18 August 2004 / Kevin Slevin
Issue: 3971 / Categories:

Certainty? What Certainty?

 

KEVIN SLEVIN discusses the implications of Langham v Veltema on discovery assessments.

 

DO NOT WORRY, 'there will not be a problem in practice' or at least this was the message from the Revenue when the self assessment provisions were being debated in 1994 and 1995; the issue recently heard by the Court of Appeal was just a theoretical problem which should not arise in practice.

Certainty? What Certainty?

 

KEVIN SLEVIN discusses the implications of Langham v Veltema on discovery assessments.

 

DO NOT WORRY, 'there will not be a problem in practice' or at least this was the message from the Revenue when the self assessment provisions were being debated in 1994 and 1995; the issue recently heard by the Court of Appeal was just a theoretical problem which should not arise in practice.

In the mid-nineties, many of us in the tax world argued that special treatment was required in connection with self assessment and the tax treatment of asset transfers between connected persons (therefore requiring a judgment to be made as to the value of an asset). Our calls went unheeded. Some expressed the view that, as a result of the shape of the Taxes Management Act 1970 provision introduced to facilitate self assessment, ( a ) the vast majority of cases involving such acquisitions or disposals would be the subject of an enquiry notice under section 9A, Taxes Management Act 1970 ; and ( b ) that, in any case where the valuation was not enquired into by the Revenue, there would be doubts about the finality of the assessment because the Revenue could raise a section 29 assessment outside the enquiry window.

In other words, the concern was that if the Revenue did not enquire into the basis of a valuation under section 9A, an Inspector could come along well after the enquiry window had closed and pursue extra tax from an individual taxpayer if, at that later date, the 'officer of the Board' could demonstrate that the initial valuation was insufficient. Indeed, a discovery assessment could be raised at any time in the period ending five years after 31 January following the end of the tax year to which the assessment relates.

The problem with self assessment

In the final analysis, self assessment is all about disclosure of the relevant facts. The facts of the case determine the taxable income or capital gains arising in any given tax year and the quantum thereof determines the tax liability, taking into account, of course, the further facts disclosed in the self-assessment return in relation to the reliefs and exemptions available. Self assessment copes well with facts, but does not cope at all well with the 'statutory fiction' which applies in so many situations where it is necessary to ascertain a so-called open market value of a particular asset.

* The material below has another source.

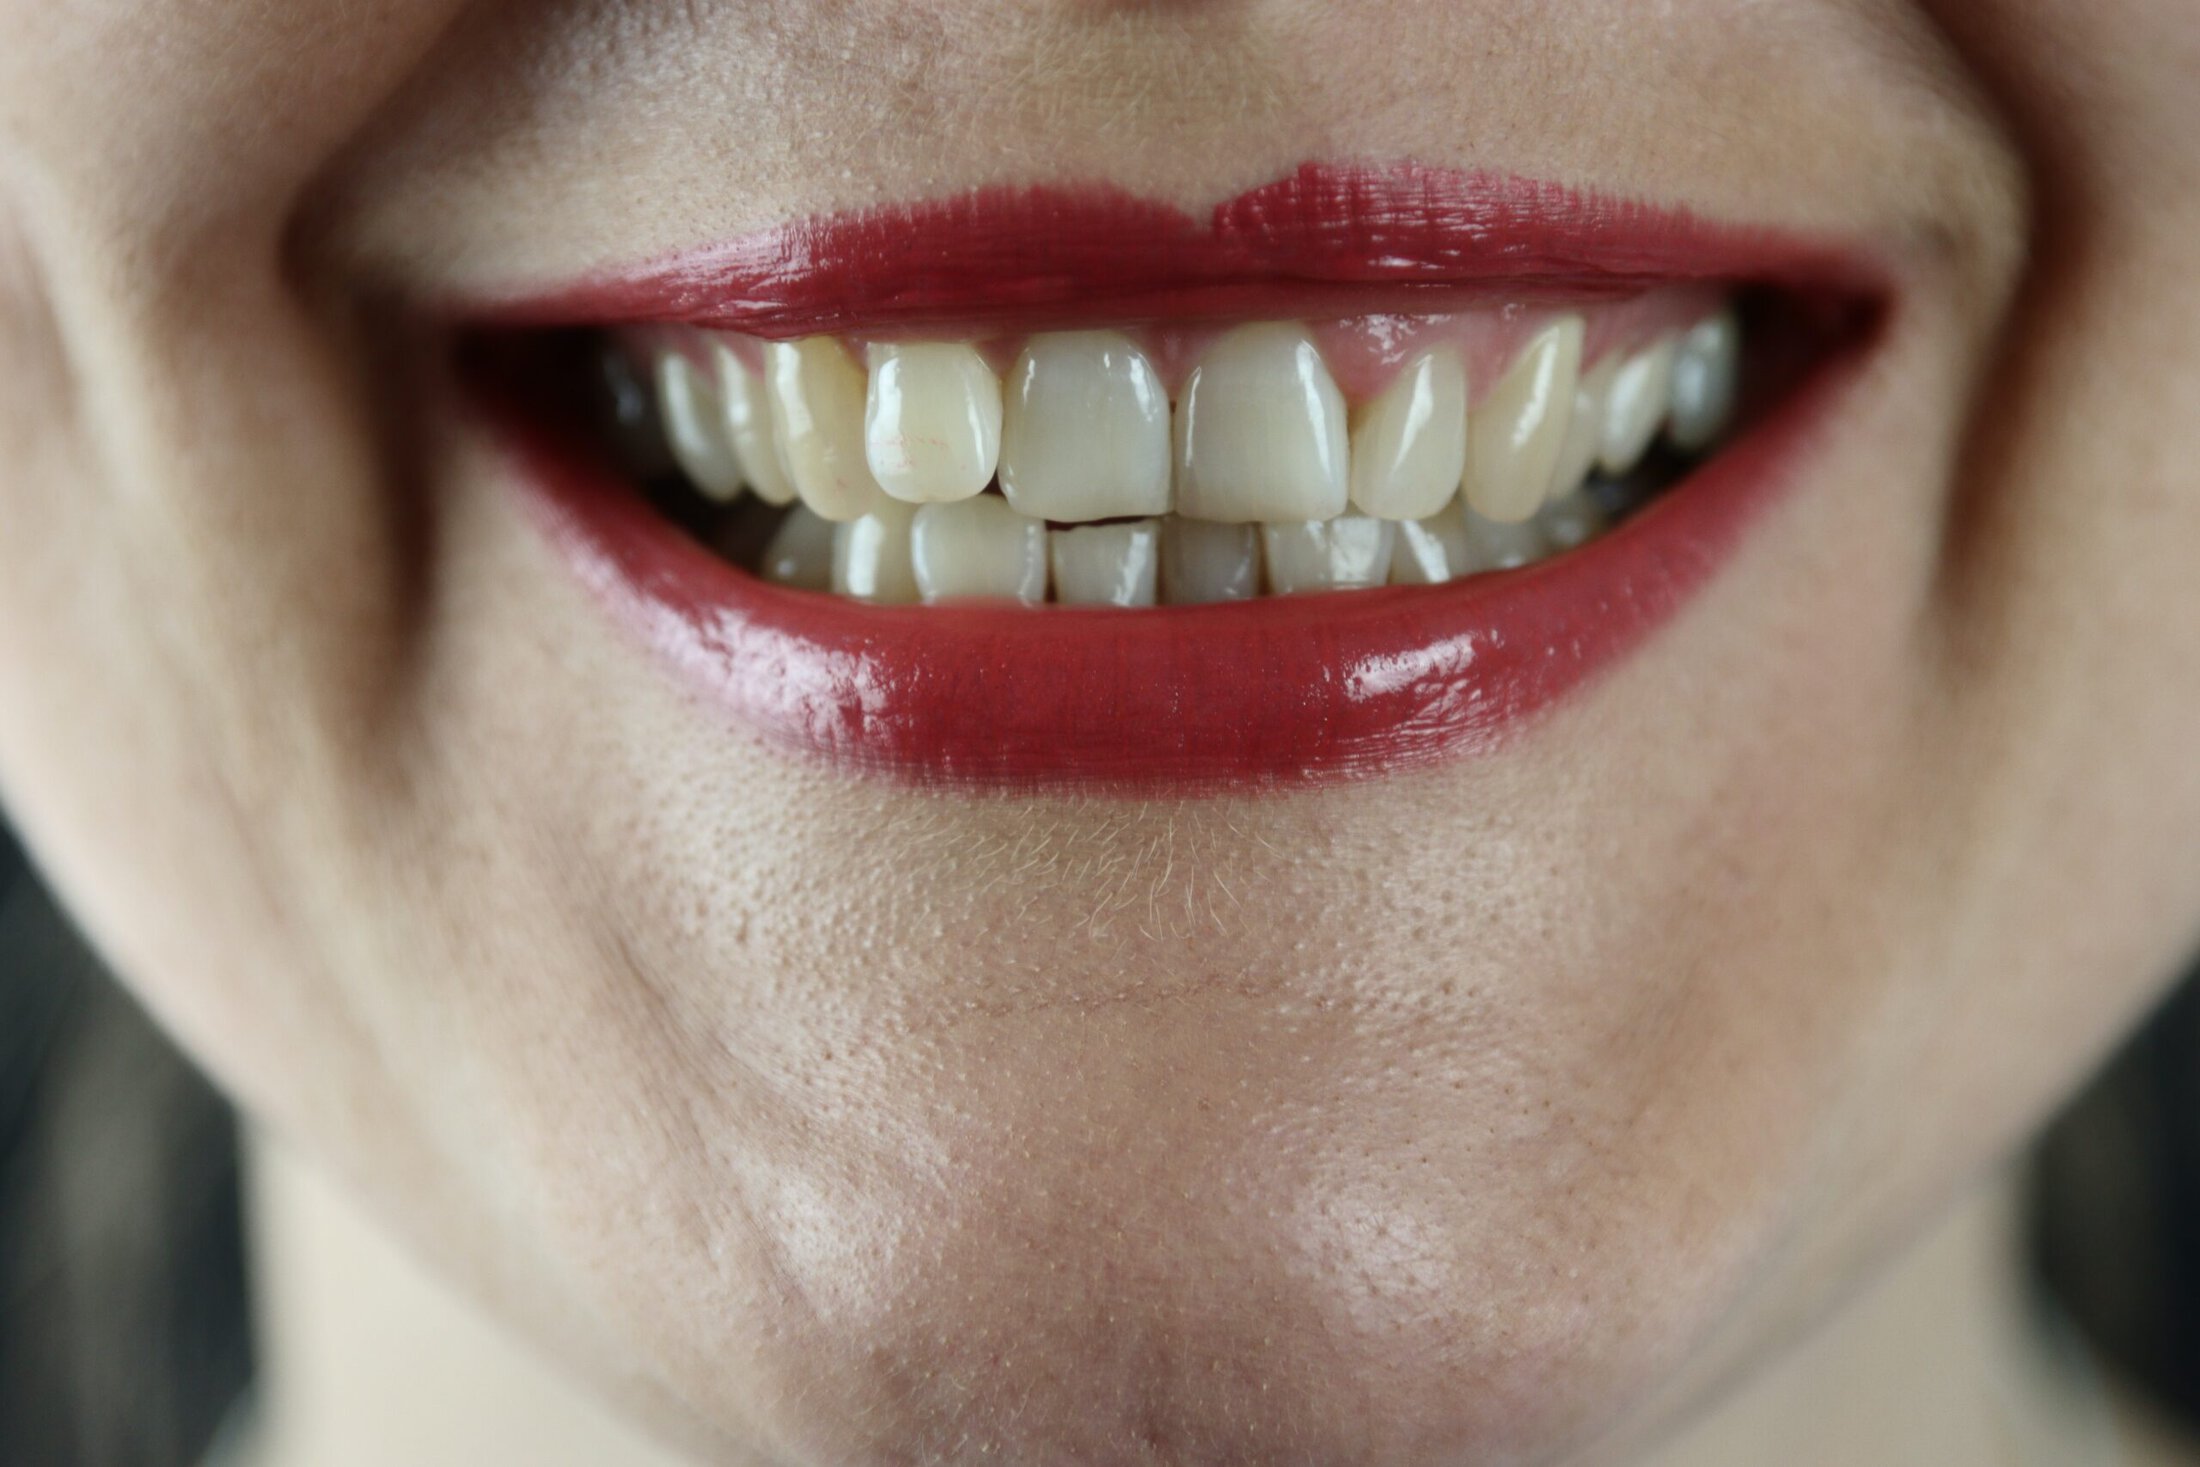 cosmetic dentistry patient model with crooked teeth and red lipstick

This matter was raised by me in lectures regarding the introduction of self assessment and discussed informally, as I recall, with the Revenue during the consultation process. As indicated above, no one seemed concerned; 'it will be alright on the night' was the theme of the responses. Possibly, the Revenue's approach to the matter was shaped by the fact that the Inspectors driving the self-assessment consultation process forward were, though consulting from time to time with their colleagues within Shares Valuation Division and the District Valuer's Office, not familiar with the process by which valuations were agreed in practice by these departments. Could these officials have been under the impression that when an Inspector referred a valuation matter to, say, a district valuer and asked the question 'what was asset X worth on the date in question?', there was always a right answer and it was the district valuer's job to establish the right answer? Did they not know that there are no such thing as 'right answers' when it comes to fiscal valuations? There are simply answers which cannot be said to be wrong and answers which can be said to be wrong. There may be no case law to support this assertion, but nevertheless this is the reality of the situation.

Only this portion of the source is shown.